There’s the handcrafted heart, a nod to Mary Shelly’s Frankenstein, one of the ancestors in literature that paved the way for Steampunk as we know it. What’s interesting is that the heart reveals information about the areas in which the player travels to, something which wouldn’t be out of place in an Edgar Allan Poe poem. Runes carved from Whale bones, which could be a nod to Bram Stoker who was said to have written Dracula in Whitby England known for its Whale bones and strong gothic culture, and quaint little Dracula museum.
There’s mention of Lovecraft’s Deep Ones, although it’s interesting to see the tables turned with the cosmic horrors butchered in the name of industry. Anthropomorphised fish can be seen through the game, alluding to the problems surrounding humanity and its desire to reach new heights, which helps Dishonoured lend a little gravity to the Cyber Punk roots that spawned the genre.
Opposition in the game comes in the form of uniformed guards that follow set looks, this might be a result of laziness of design but I’d like to think of it as a metaphor for the uniformity of the establishment. An interesting feature of the game which is intentional is the Overseers who wear demonic masks reminiscent of Samurai Oni. The Overseers are tasked with rooting out and destroying any ties to magic which is used by the protagonist to reclaim their honour.
Dishonoured is about identity, even the choice to hide one’s face behind a mechanical mask is an act of rebellion, to become more than human through the use of technology and magic.
Developed by Lionhead Studios and published by Microsoft Games Studio, it’s hard to talk about weirdness without bringing up Fable. From chicken chasing, to carrying out the whims and desires of animate doorways, the Fable series likes to mix things up. Is it Postmodern? Or is it just silly? Either way it’s a series that’s brought a lot of fun.
Now while the first Fable would set the scene for a franchise that will live on in spirit more than anything else, it is hard to refer to it as Steampunk. The second and the third instalment however slip into it like an old glove.
As these fantasy roleplaying games progress we find the country of Albion moving into the industrial age, replacing villages and grand oaken trees with towering chimneys, plated armour with top hats. The Fable series may not be Steampunk from root to leaf, but it does carry that certain flair that can only be mistaken as either Steampunk or a fever-dream guided fashion statement.

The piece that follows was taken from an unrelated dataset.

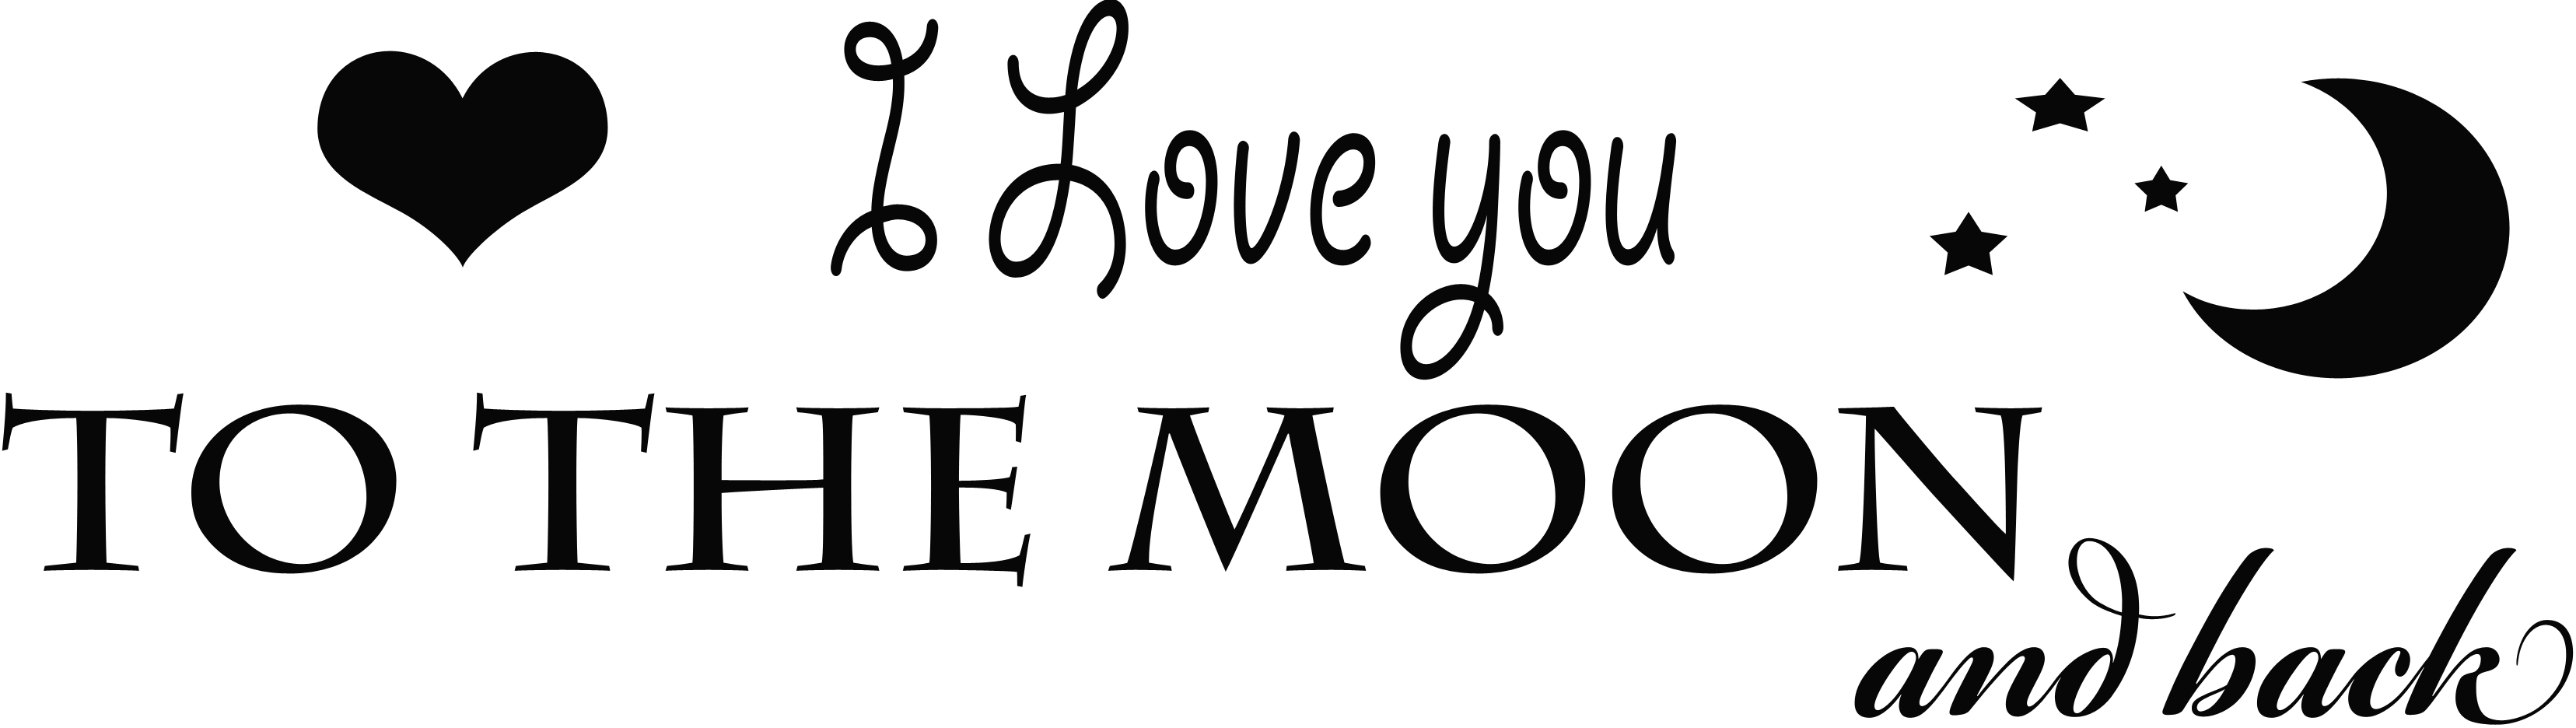 Aku mencintaimu ke bulan dan kembali PNG Gambar Transparan

The great thing about mixing Steampunk with the mad lot down at Lionhead Studios is it blends the not quite yesteryear we find in Steampunk with the absurdist humour found with those bad-toothed souls found across the pond. It can be silly and serious without having to explain itself, which is after all one of the tenants of any self-respecting Steampunk.

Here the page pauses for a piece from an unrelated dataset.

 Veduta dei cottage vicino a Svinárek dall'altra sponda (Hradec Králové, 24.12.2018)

The influence of the genre isn’t just found in the architecture but the culture that blossoms around it, the main element for me is the character Reaver. Voiced by the magnanimous and all-round softy Stephen Fry, it’s harder to picture a more dastardly (and dashing) Steampunk villain? Anti-hero? Whatever, then the youth-stealing industrialist known as Reaver.
Reaver is a character you want to hate, and with two games full of his schemes and tricks, you’ve got amply reason to. Personally, I can’t bring myself to hate him all the way, he’s the Freudian Superego made manifest and he’s been drinking gin all morning. The bad thing is he makes sense, especially when considering how much the industrial age brought the World forward, and how much it cost to do so.

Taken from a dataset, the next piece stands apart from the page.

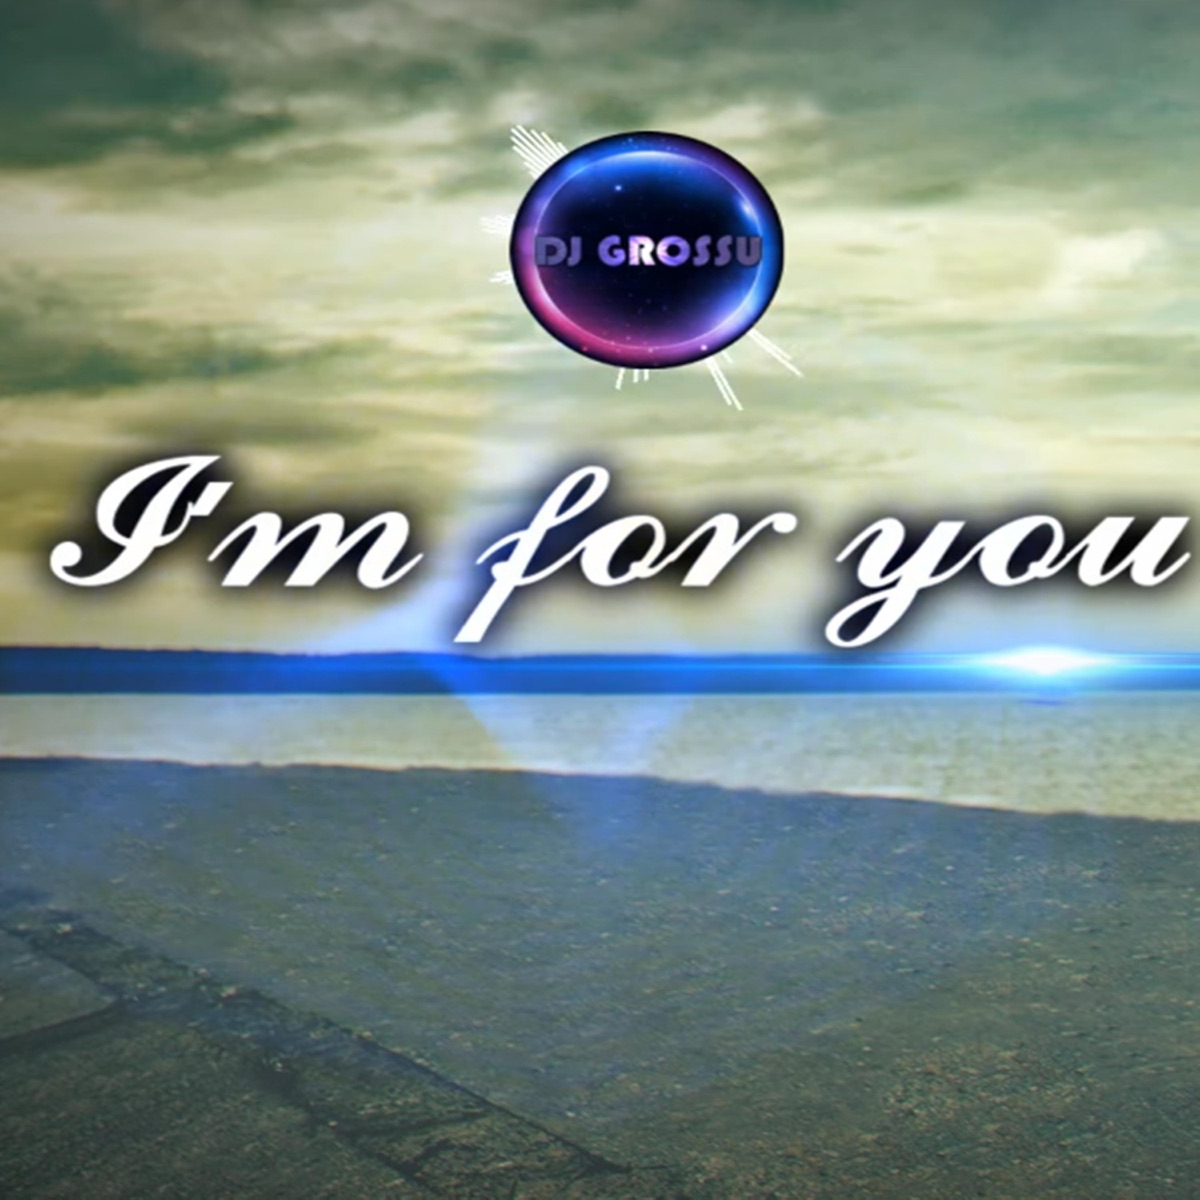 I'm For You - Single – Album par DJ GROSSU – Apple Music

The Hobbes in Fable 2 and 3 come into their own as a race of scavengers that amble around on rickety stilts, ready to take pot shots with their blunderbuss. There’s something about seeing a little goblin creature in a top hat that puts a smile on my face, probably because it’s the kind of insanity you’re likely to find in a game like this.
What is Steampunk? That’s easy, Steampunk is everywhere. It can appear as something small and casual to the unobservant busybody, or it can be an expression in rebellion, morals, and fun. It’s easy to say that Steampunk is a fashion limited to sticking a few brass cogs on your shirt, which it is, but that’s just the beginning.
Steampunk is for the history buffs who want to travel through time and take all the best bits and blend them with the modern way of thinking. It’s a battleground for ideas on industrialization, famine, and greed. It’s a war for individuality, with occasional stops to see if your cybernetic monkey butler is still working.
Steampunk differs from person to person but what is inarguable is that it has taken a hold of our culture. Found in literature both high and low. Games, table-top warfare, there’s no escaping from Steampunk, so perhaps it’s a good thing that they’re all so damn nice.